Tag Archives: social media

MLB Stadiums Without Crowd Noise?

my yard bloomg flowers 024There’s a point in any game where everything changes. Every player feels it. It’s when the crowd is so loud, player’s emotions and abilities swing on a dime, for better or worse. That’s exactly what players compete for, that rush, the roar of the crowd, the adulation to prove they’ve done something great or are important people. So, can you imagine NFL, NBA or NHL games played in empty stadiums? Major League Baseball may be headed that way.

The current average length of a Major League Baseball game is 3:02, of which only eighteen minutes is actual action, meaning there’s almost three hours of non-action. The current human attention span average is eight seconds, one second less than a goldfish. (And, yes, these figures come from credible research study).

Can you imagine a kid today going to his first live baseball game? He’s used to thrill-a-minute stimulation from his device, or television, or anything nowadays. The kids of this and future generations are tomorrow’s MLB fans – also known by team owners as “fannies in the seats,” the people who pay most of the player’s salaries.

But wait, young people aren’t the only ones distracted by modern-day living and technology.

The average worker today checks his email thirty times an hour. Typical mobile users check their phones 150 times a day. From 2011 to 2013, social media sharing doubled.

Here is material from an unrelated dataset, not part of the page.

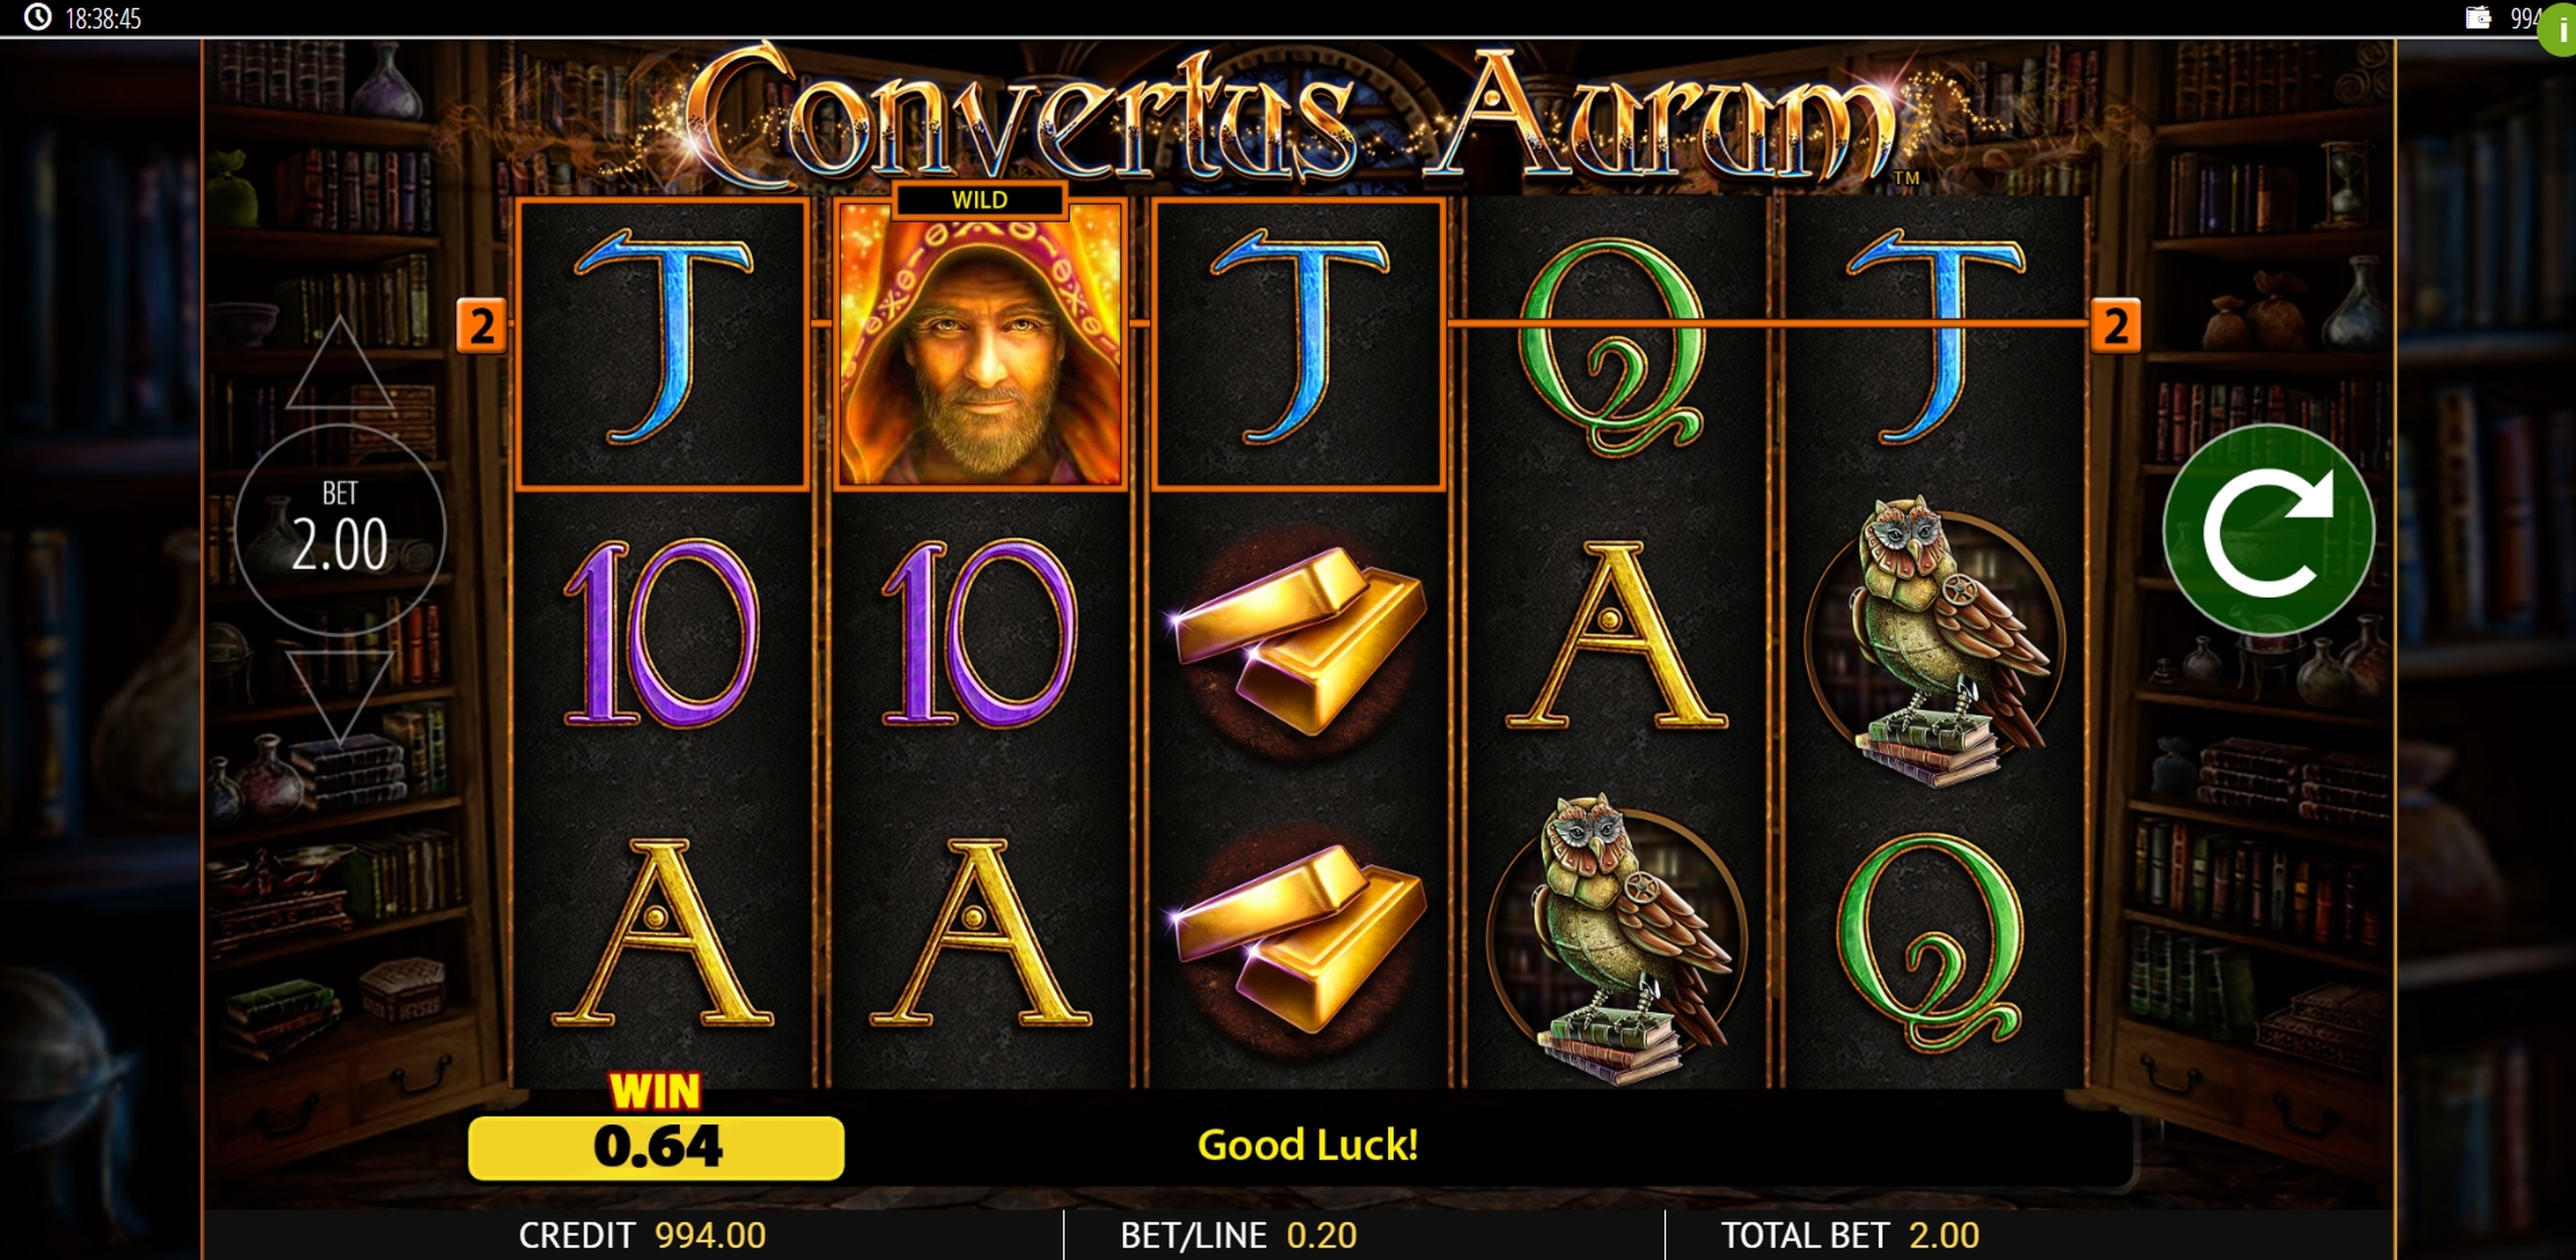 Win Money in Convertus Aurum Free Slot Game by Reel Time Gaming

This is trouble for MLB. Look at the trends. The average length of an MLB contest in 1980 was 2:39, and we had far fewer distractions then. With the average 2014 MLB ticket price at $27.93, plus expensive concessions, plus travel time, plus the fact the game is available on cable, one might ask why go to baseball games at all?

Rob Manfred, MLB Commissioner, says he realizes these problems and is implementing new rules this season to speed up play to lure younger fans. No more forty-five seconds between pitches for batters to readjust their jock strap or pitchers to circle the mound two times. That’s just enough time to tempt fans to reconnect with friends, co-workers and social media outlets on their devices. Or just time to get bored, and the stadium goes quiet again.

Anyone who thinks crowd noise isn’t crucial to the excitement of sports is wrong. The NFL’s Atlanta Falcons were recently fined for pumping crowd noise into their stadium during games the past three seasons. Anyone who thinks the attention span issue isn’t crucial to sports is also wrong. The NFL has had to implement rules and fines for players and coaches from texting during games. It’s a different world today.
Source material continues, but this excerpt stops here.